RULING ON MOTION FOR CERTIFICATION

JOSÉ A. CABRANES, District Judge:

This matter is before the court on the plaintiff’s motion to certify two questions of state law to the Supreme Court of Connecticut pursuant to Connecticut Public Act 85-111 (“the Act”). 1 The questions are (1) *1421 Does a credit report constitute a “product” under the Connecticut Product Liability Act, C.G.S. § 52-572m et seq. ? and (2) Does Connecticut Public Act 84-468, which eliminated the need to demonstrate a “nexus with the public interest” in order to prevail in an action under the Connecticut'Unfair Trade Practices Act, C.G.S. § 42-110a et seq., apply retroactively? The motion for certification is opposed by the defendant.

The Supreme Court recognized in Lehman Brothers v. Schein, 416 U.S. 386, 391, 94 S.Ct. 1741, 1744, 40 L.Ed.2d 215 (1974), that the use of certification procedures such as those provided by the Act is not obligatory but “rests in the sound discretion of the federal courts.” It is therefore appropriate for a federal judge sitting in Connecticut to consider the prudential guidelines that ought to inform the use of the new certification procedures.

I.

The search for such guidelines must begin with an examination of the abstention doctrine developed over the past 50 years by the United States Supreme Court. The Court has frequently recognized that

“[t]he doctrine of abstention, under which a District Court may decline to exercise or postpone the exercise of its jurisdiction, is an extraordinary and narrow exception to the duty of a District Court to adjudicate a controversy properly before it. Abdication of the obligation to decide cases can be justified under this doctrine only in the exceptional circumstances where the order to the parties to repair to the state court would clearly serve an important countervailing interest.”

Colorado River Water Conservation District v. United States, 424 U.S. 800, 813, 96 S.Ct. 1236, 1244, 47 L.Ed.2d 483 (1976), quoting County of Allegheny v.

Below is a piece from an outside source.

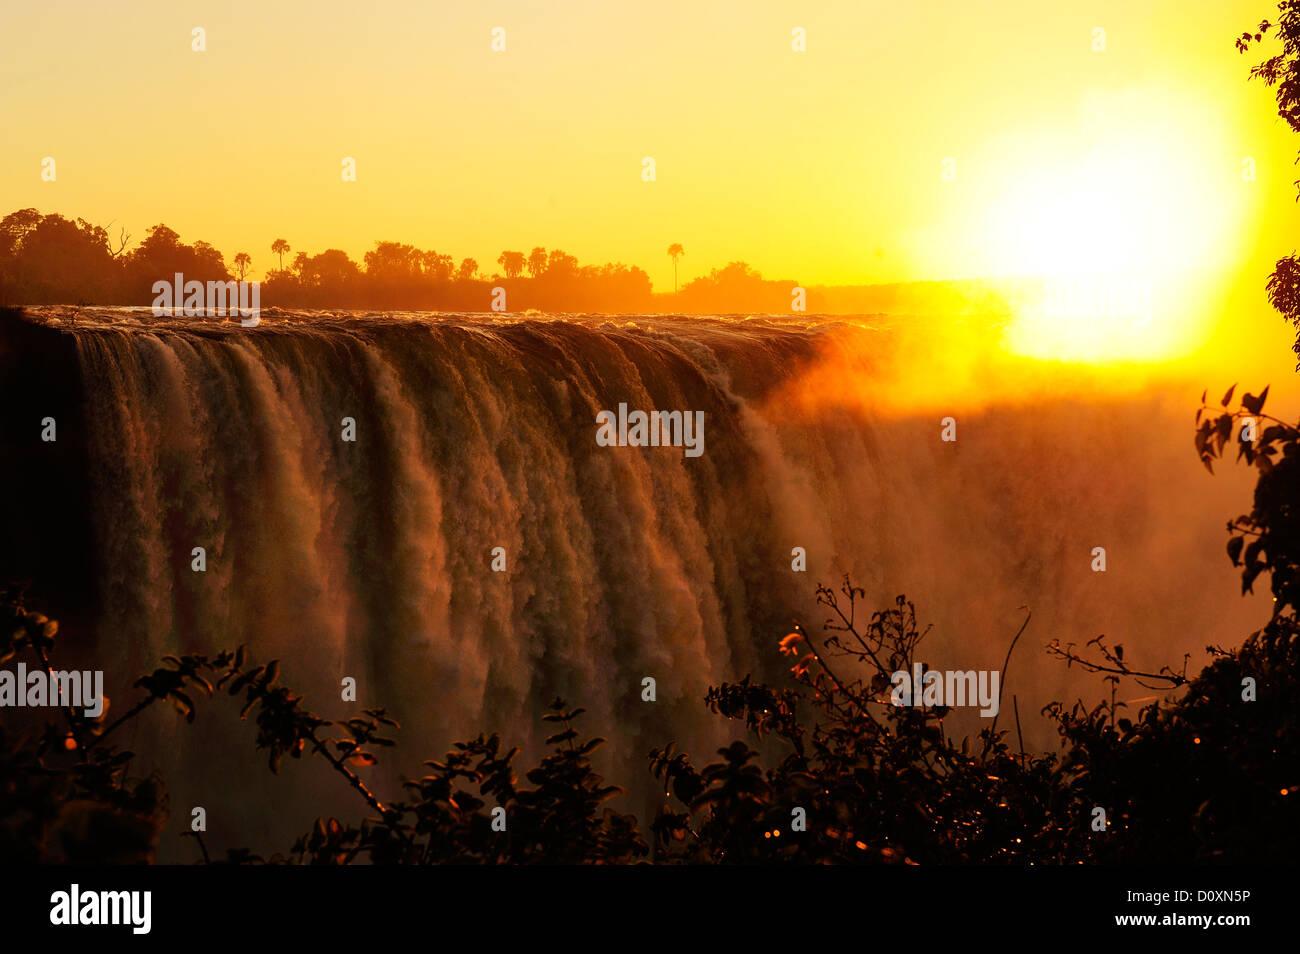 Africa, Zimbabwe, Zambezi, River, Southern Africa, Victoria Falls, waterfall, water, canyon, gorge, sun, sunset - Stock Image

Frank Mashuda Company, 360 U.S. 185, 188-189, 79 S.Ct. 1060, 1062-1063, 3 L.Ed.2d 1163 (1959). It has been emphasized that to deny a litigant the opportunity to raise issues of state law in a federal diversity action “merely because the answers to the questions of state law are difficult or uncertain or have not yet been given by the highest court of the state, would thwart the purpose of the jurisdictional act.” Meredith v. Winter Haven, 320 U.S. 228, 234-235, 64 S.Ct. 7, 10-11, 88 L.Ed. 9 (1943).

The “exceptional circumstances” in which a federal district court may properly “decline to exercise or postpone the exercise of its jurisdiction” have been carefully limited by a series of Supreme Court decisions. See, e.g., Colorado River Water Conservation District v. United States, supra, 424 U.S. at 814-816, 96 S.Ct. at 1244-1246; County of Allegheny v. Frank Mashuda Company, supra, 360 U.S. at 189-190, 79 S.Ct. at 1063-1064. For example, abstention may be appropriate where a state court’s determination of pertinent state law could moot a federal constitutional question, see, e.g., Railroad Commission of Texas v. Pullman Company, 312 U.S. 496, 61 S.Ct. 643, 85 L.Ed. 971 (1941), or where the exercise of jurisdiction by the federal court would disrupt on-going state criminal prosecutions and related activities, see, e.g., Younger v. Harris, 401 U.S. 37, 91 S.Ct. 746, 27 L.Ed.2d 669 (1971), or unnecessarily interfere with a state regulatory scheme. See, e.g., Burford v. Sun Oil Company, 319 U.S. 315, 63 S.Ct. 1098, 87 L.Ed. 1424 (1943).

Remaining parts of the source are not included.